### Problem description
Reproduce exactly only the lines from the line that holds "Stepsister Cuban Link" to the line that holds "Three of the", inclusive, in the listing below, and please leave out every picture.

### Given material
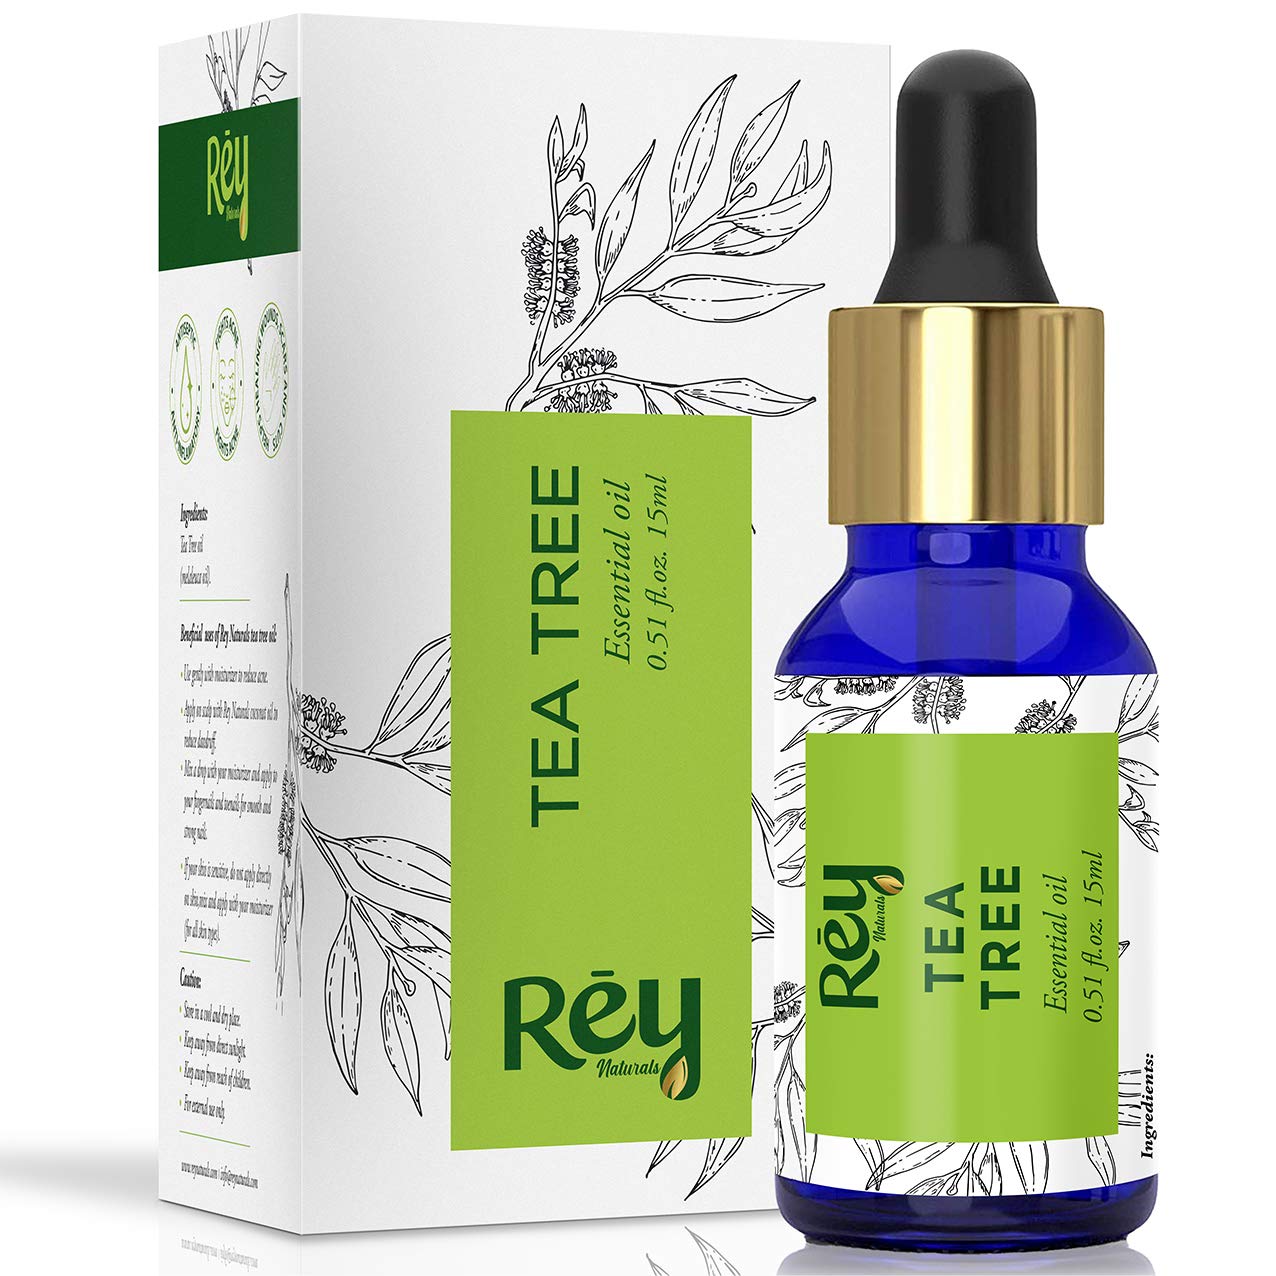 Rey Naturals Tea Tree Oil | Tea Tree Essential Oil for Hair, Skin and Face Care - 100% Pure Tea Tree Oil for Dandruff, Acne, Aromatherapy, Stress, and More - 15ml
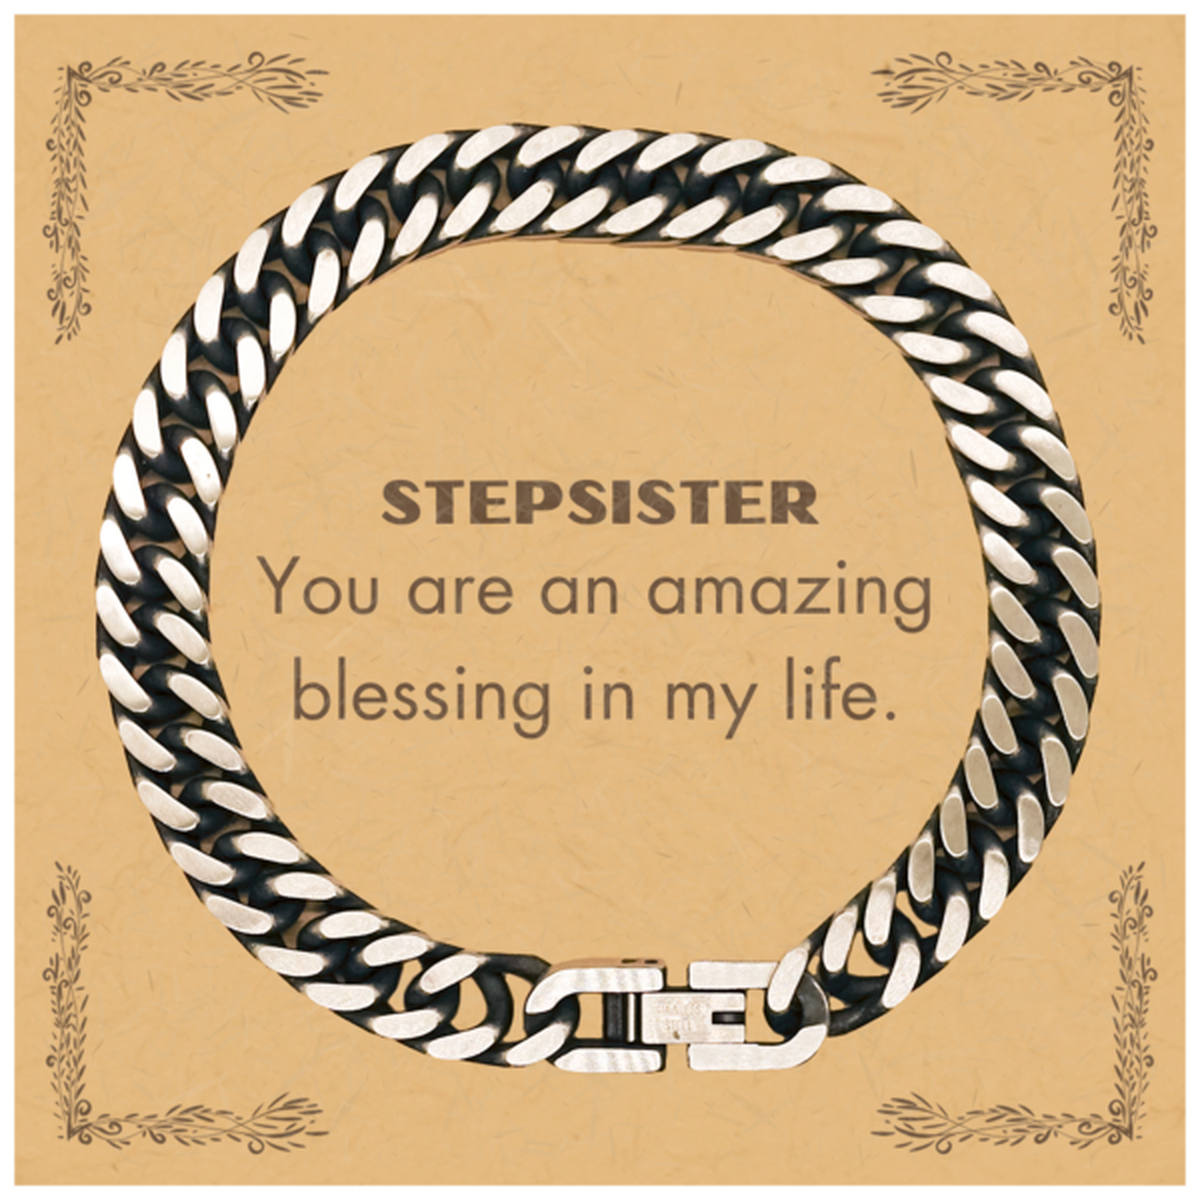 Stepsister Cuban Link Chain Bracelet, You are an amazing blessing in my life, Thank You Gifts For Stepsister, Inspirational Birthday Christmas Unique Gifts For Stepsister
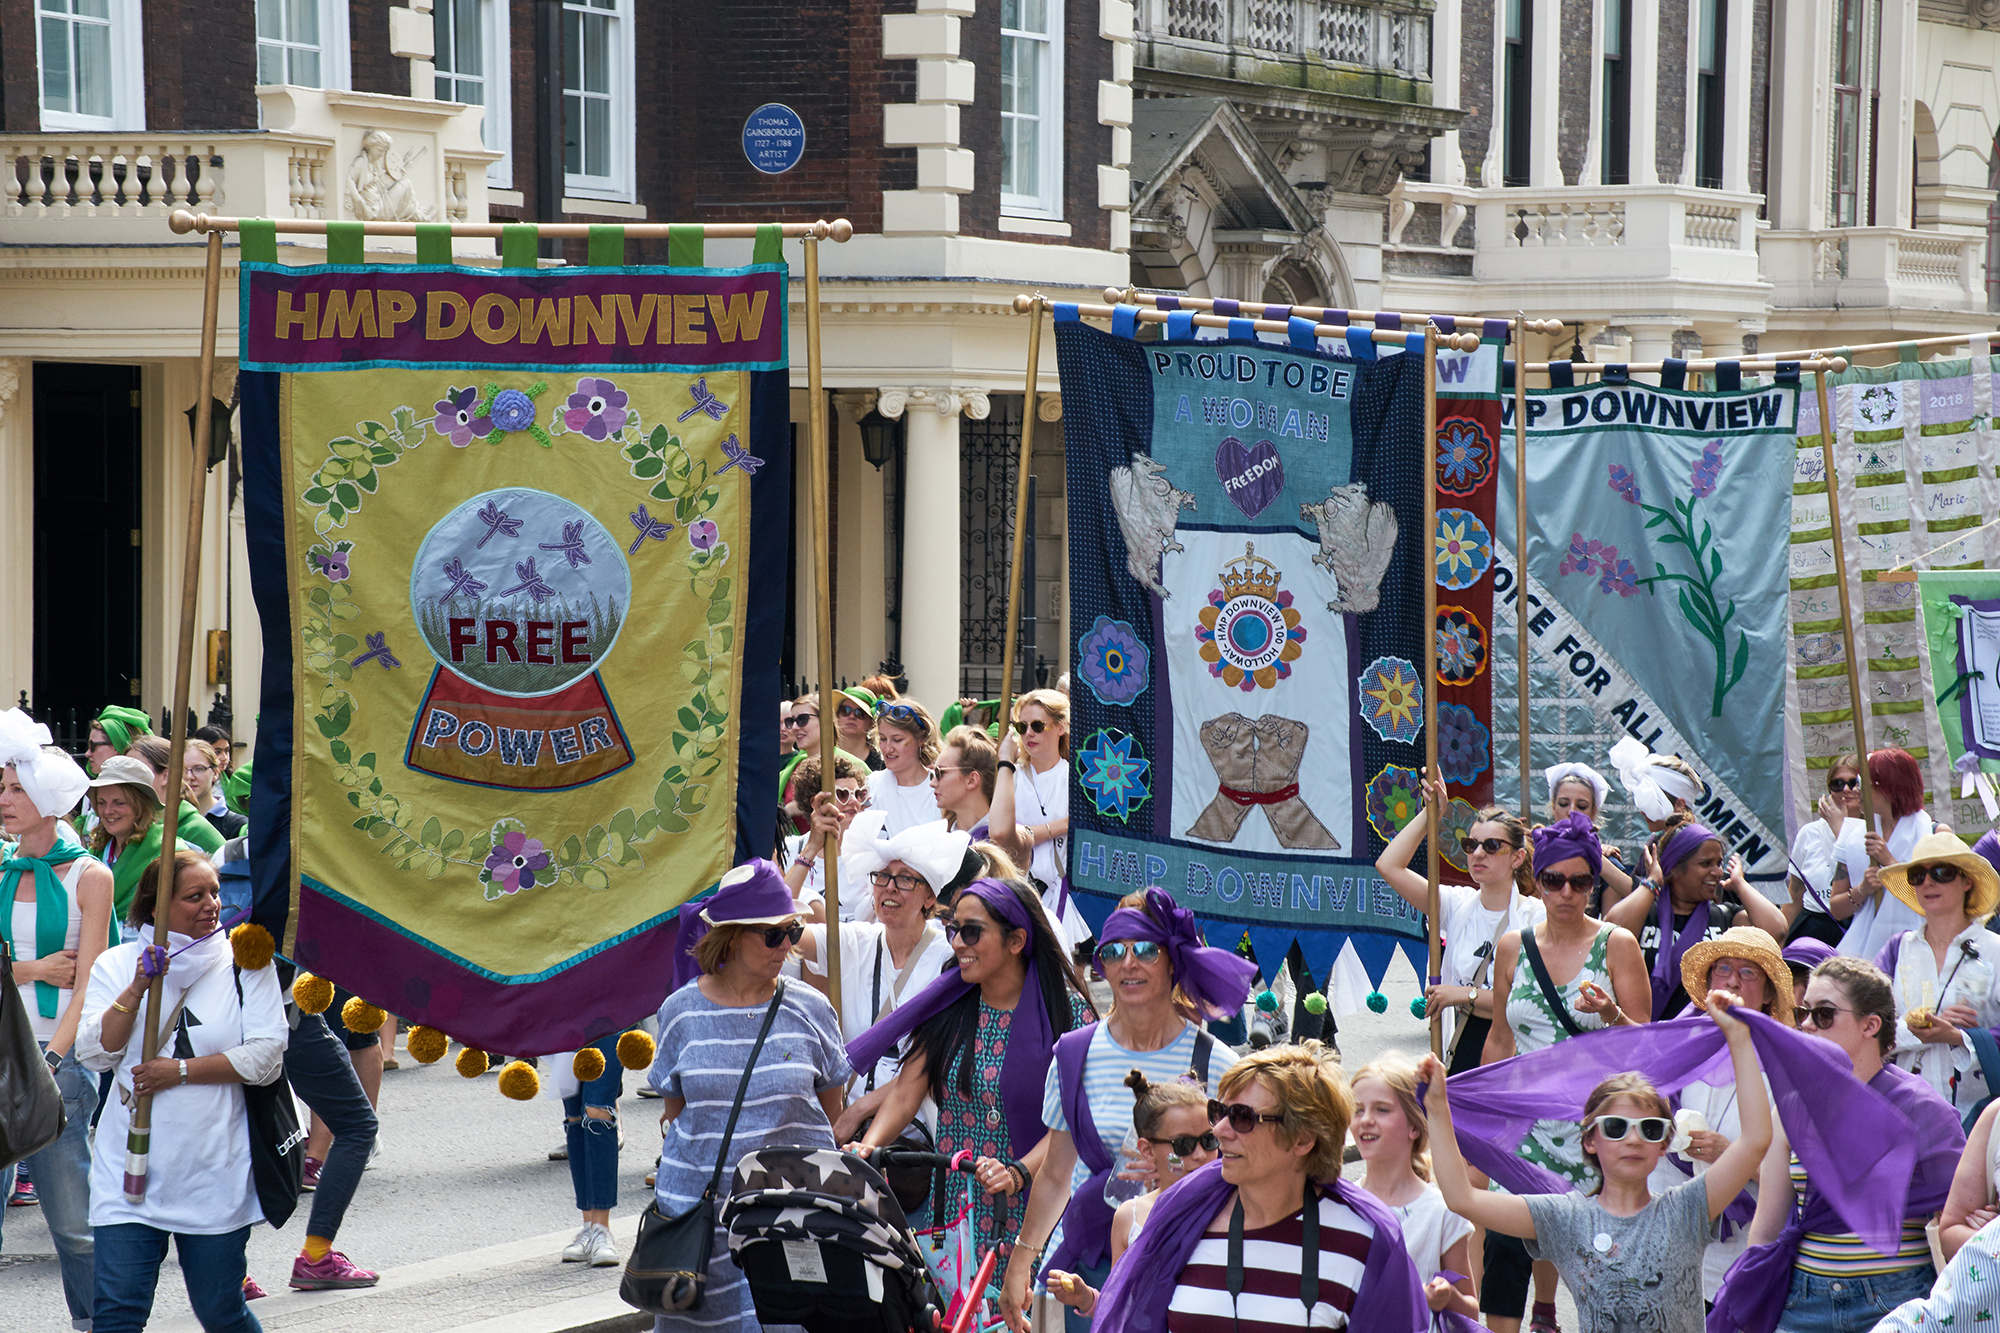 Three of the banners are marched down Whitehall by women and girls wearing green white and purple.  The banners have a mixture of empowering statements such as ‘HMP Downview Free Power’, ‘Proud to be a woman’ ‘Votes for all women’.
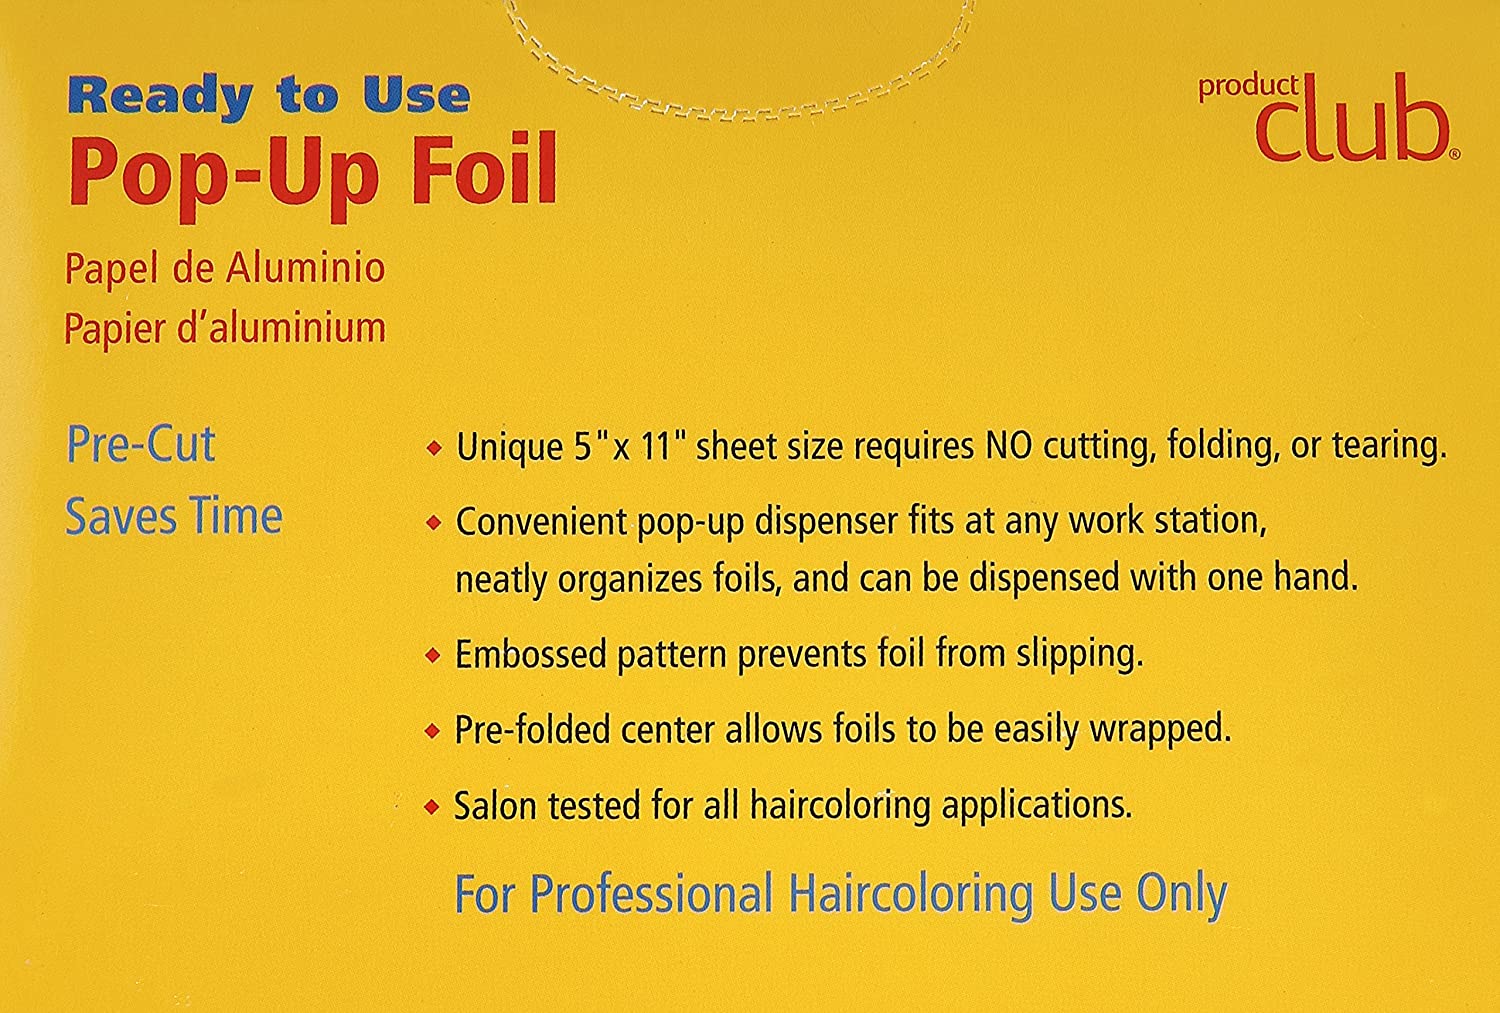 https://www.salonwholesaler.com/cdn/shop/products/foil-sheets-silver-5-x-11-500-count-product-club-hair-coloring-accessories-product-club-758237.jpg?v=1608159624&width=1946

### Written response
 Stepsister Cuban Link Chain Bracelet, You are an amazing blessing in my life, Thank You Gifts For Stepsister, Inspirational Birthday Christmas Unique Gifts For Stepsister
 Three of the banners are marched down Whitehall by women and girls wearing green white and purple.  The banners have a mixture of empowering statements such as ‘HMP Downview Free Power’, ‘Proud to be a woman’ ‘Votes for all women’.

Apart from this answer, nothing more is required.